The patient was a 57-year-old man who was arrested for abusing his prepubescent son and his psychiatric status was assessed in a forensic psychiatry institution. He had shown signs of abnormal behavior 12 years earlier. At that time, he threatened a neighbor with a knife during a bizarre delusion. His elder brother had considered sending him to a psychiatric hospital, but in the end the patient received no treatment due to economic reasons. From the time that he developed the disease, he began to drink a lot, and people imputed his abnormal actions to drunkenness. Nobody cared about his mental health condition until he cut off his son's penis on 1 January 2008. The loosening of his thoughts was obvious and his delusions were bizarre and well systemized when doctors met him. Results of physical, neurological, and laboratory investigations, including electroencephalography (EEG), were normal. Finally the patient was diagnosed as having schizophrenia according to the diagnostic criteria of the ICD-10 and he was sent to a high-security hospital.

At present, there are more than four million patients suffering schizophrenia in China. Although no epidemiological survey about the situation of crimes committed by these schizophrenic patients has been conducted, a survey carried out in our forensic psychiatric assessment institute, to some extent, revealed the serious situation.

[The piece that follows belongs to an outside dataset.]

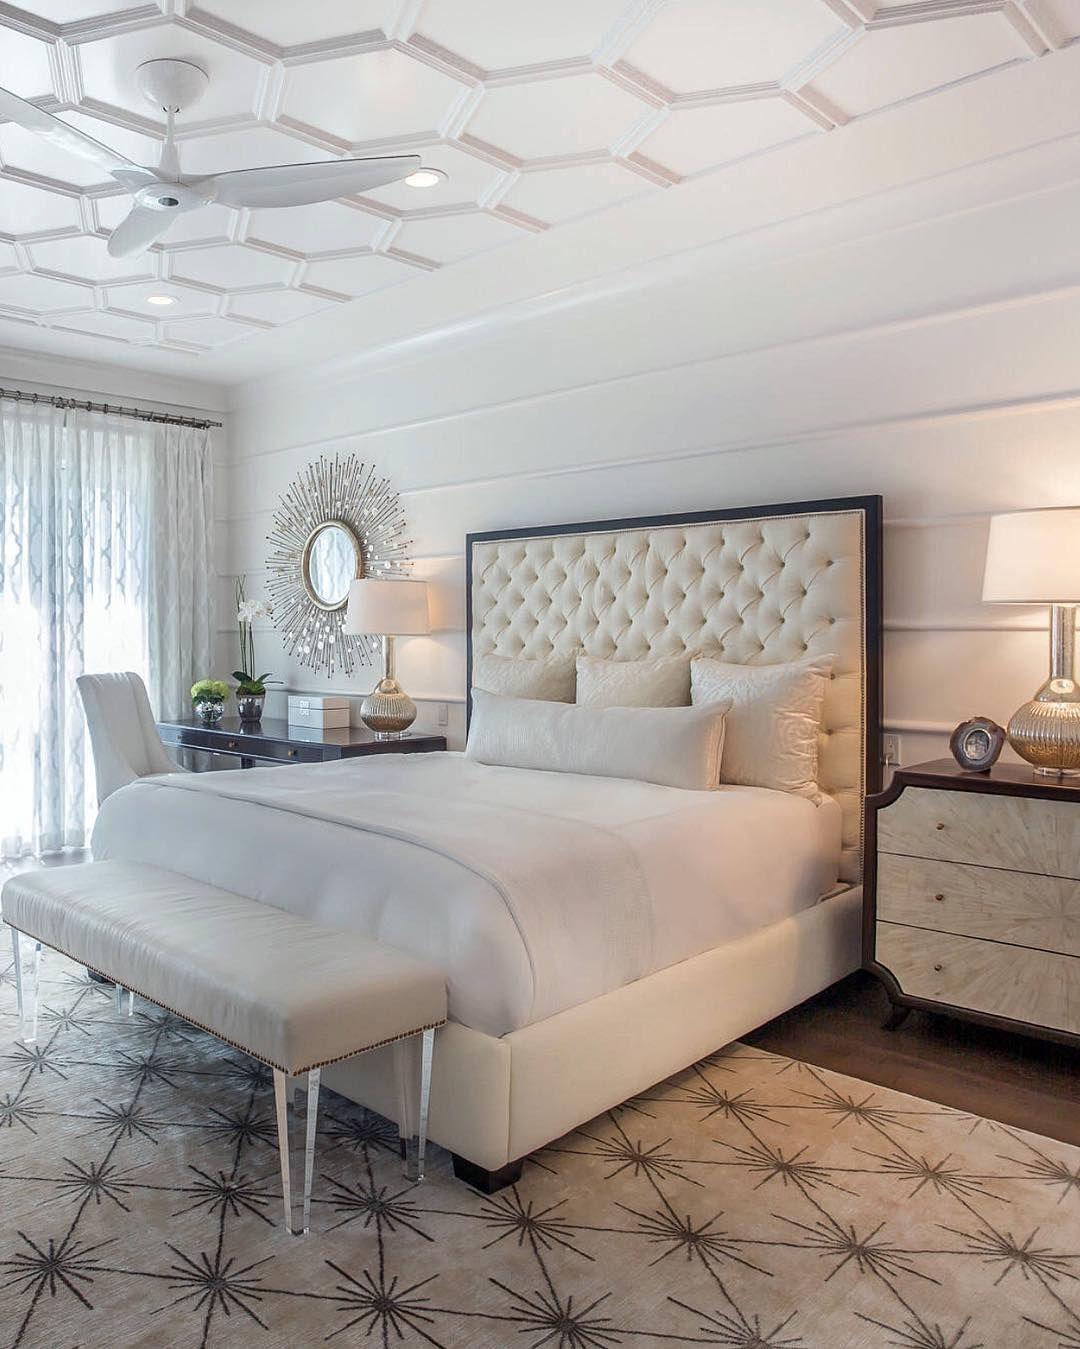 31 Gorgeous Ultra Modern Bedroom Designs Transitional Bedroom Design Transitional Bedroom Bedroom Design Gorgeous transitional style bedroom

In the last ten years, we have met 1179 schizophrenic offenders. A total of 85.47% of them had committed violent offences at least once. These violent offences were often brutal, overt and of reduced selectiveness as to their target,4 and most of them were not diagnosed or treated in time. Also the assessment of these patients' aggression or violent offence risk was deficient. This condition is more serious in lower socio-economic groups. The Chinese populace's deficient knowledge about mental disorders, insufficient management of these dangerous patients, the heavy economic burden of mental disorders, and the fact that there is no Chinese Mental Health Law, are all possible reasons for this serious situation. It's time for Chinese scholars and the populace to pay more attention to schizophrenic patients who pose a risk of violent offences. Psychiatric services should be incorporated into primary health care; there should be increased investments in mental health; the Mental Health Law should be enacted speedily; and pilot studies estimating the risk factors for assault and predicting violence should be carried out.